▶ **DATA SHOWN**:
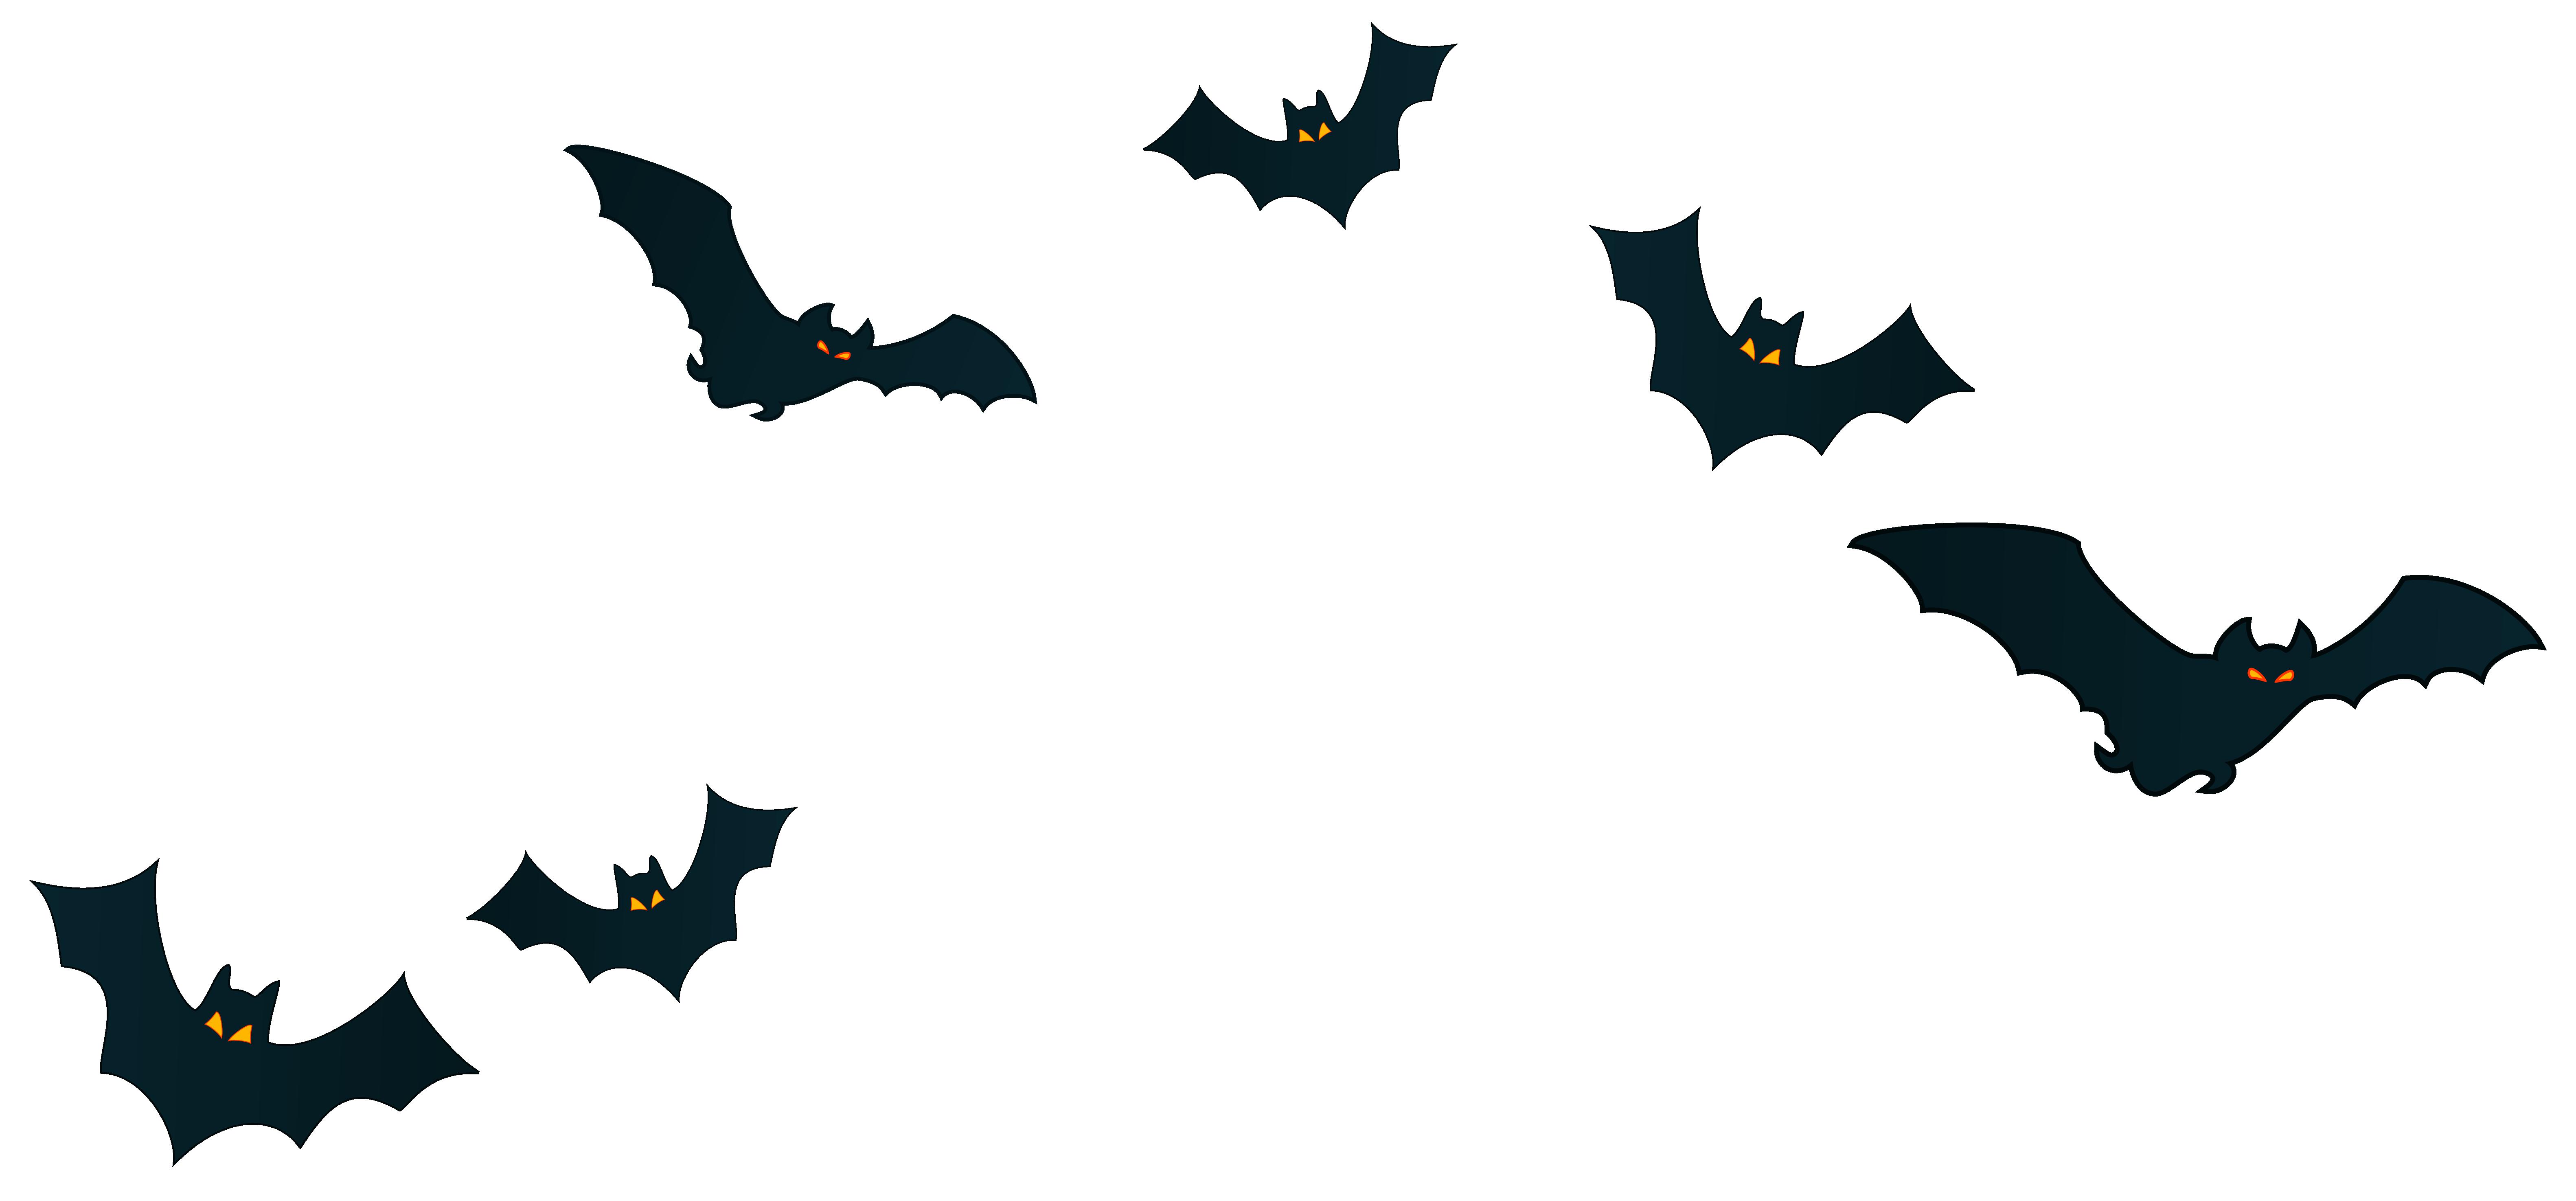 Halloween Bats Decor PNG Clipart Image.
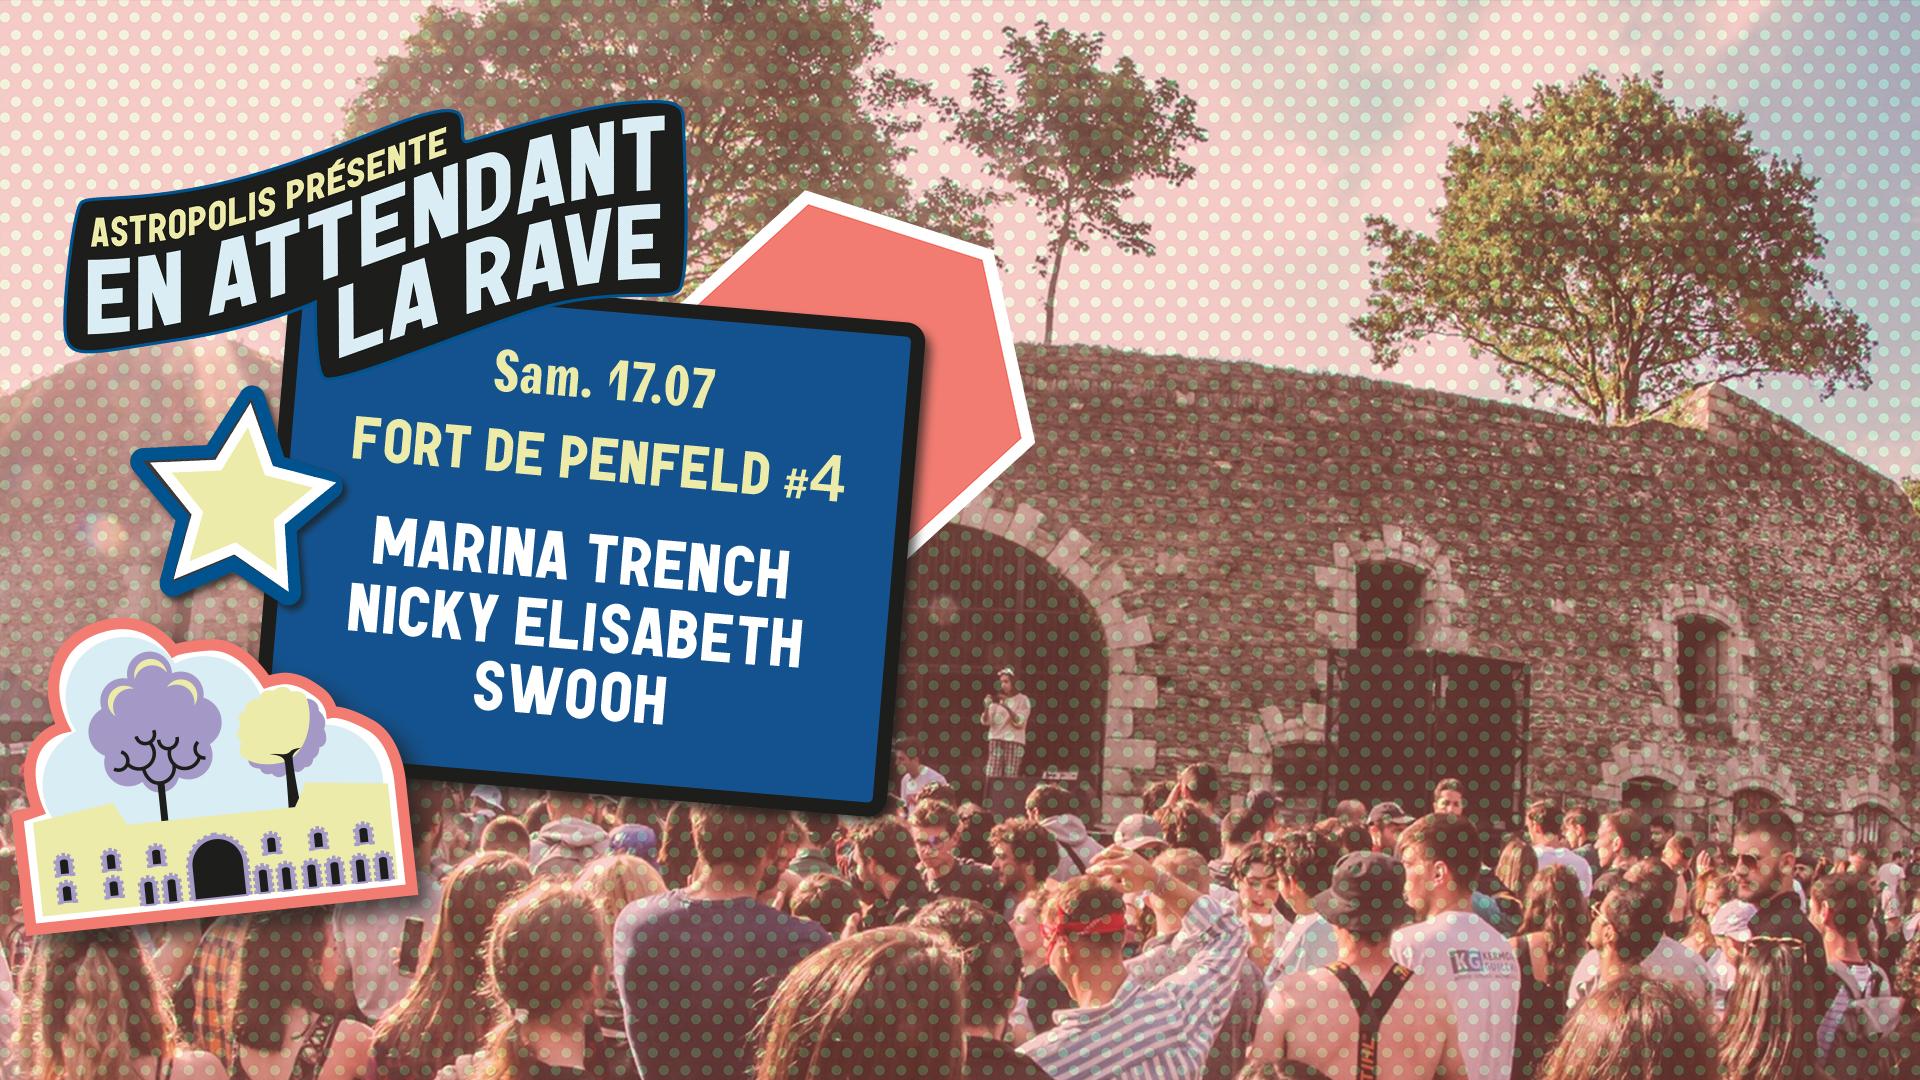 17/07 : Fort de Penfeld #4 - Marina Trench + Nicky Elisabeth + Swooh
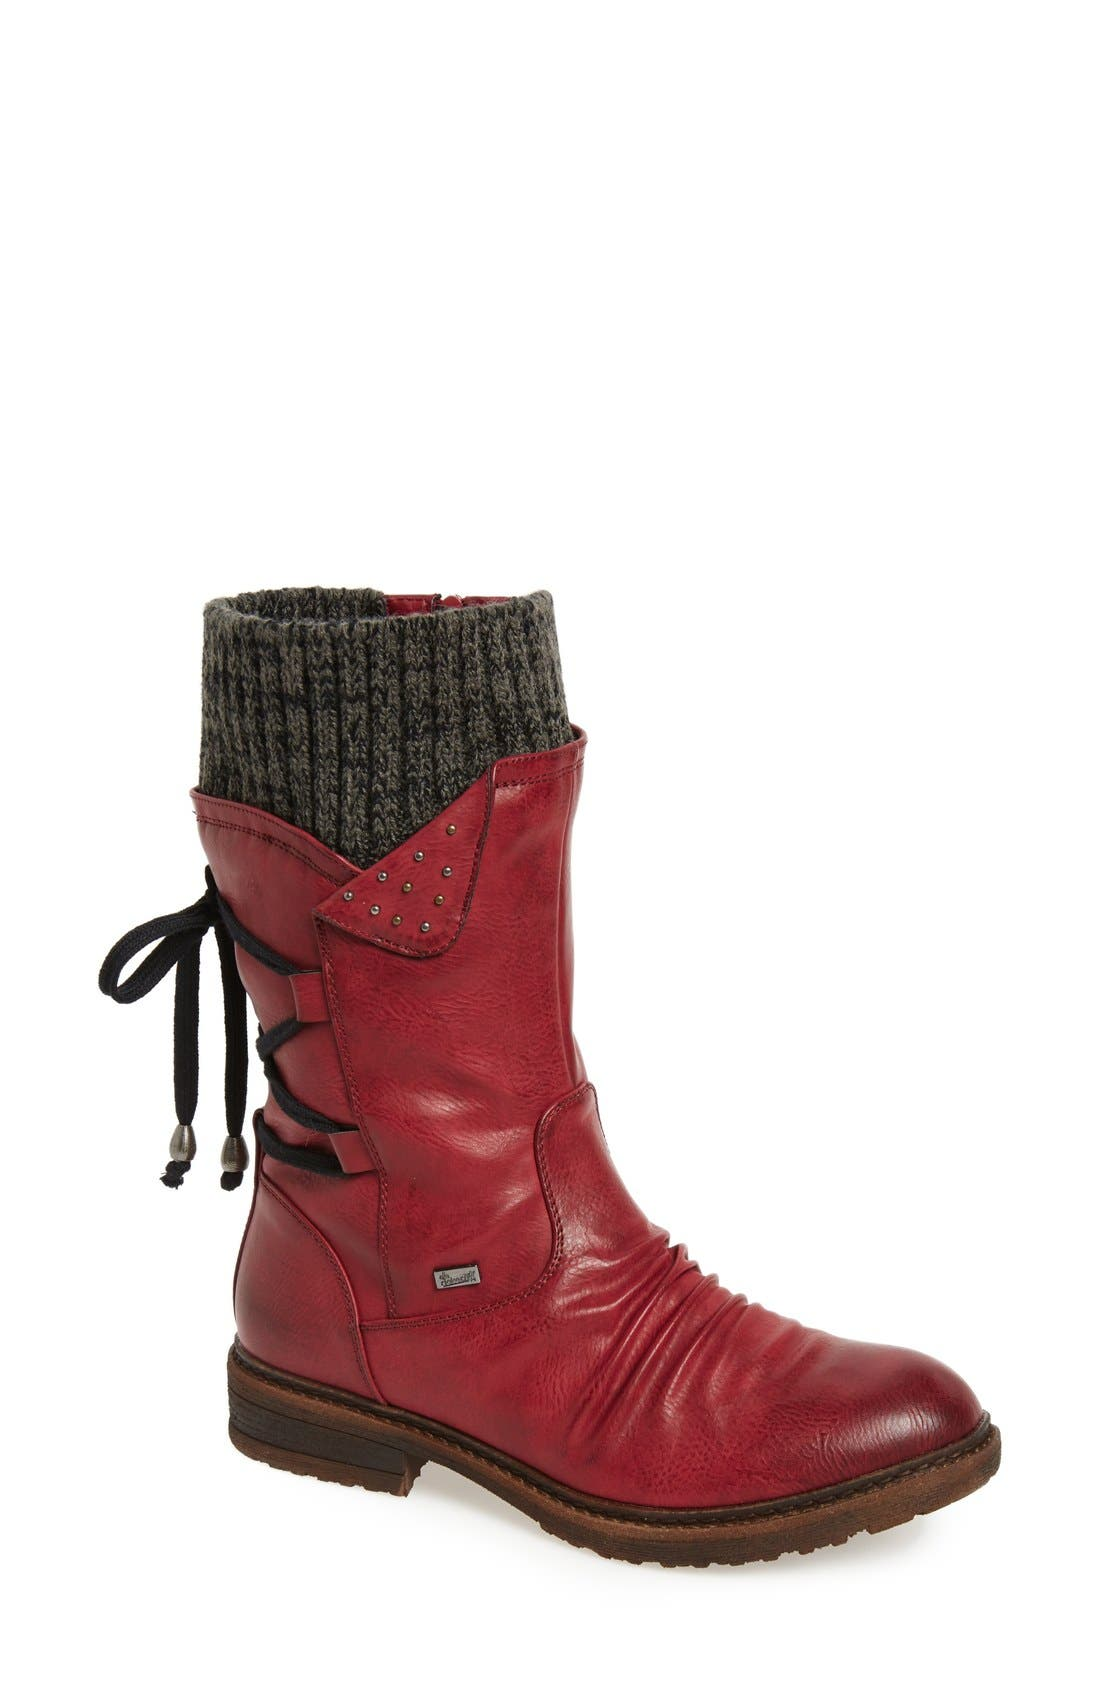 Alternate Image 1 Selected - Rieker Antistress Dominika 73 Water Resistant Boot (Women)

▶ **TASK DETAILS**: When copying, output the data exactly and leave out the pictures.

▶ **WRITTEN ANSWER**:
 Halloween Bats Decor PNG Clipart Image.
 17/07 : Fort de Penfeld #4 - Marina Trench + Nicky Elisabeth + Swooh
 Alternate Image 1 Selected - Rieker Antistress Dominika 73 Water Resistant Boot (Women)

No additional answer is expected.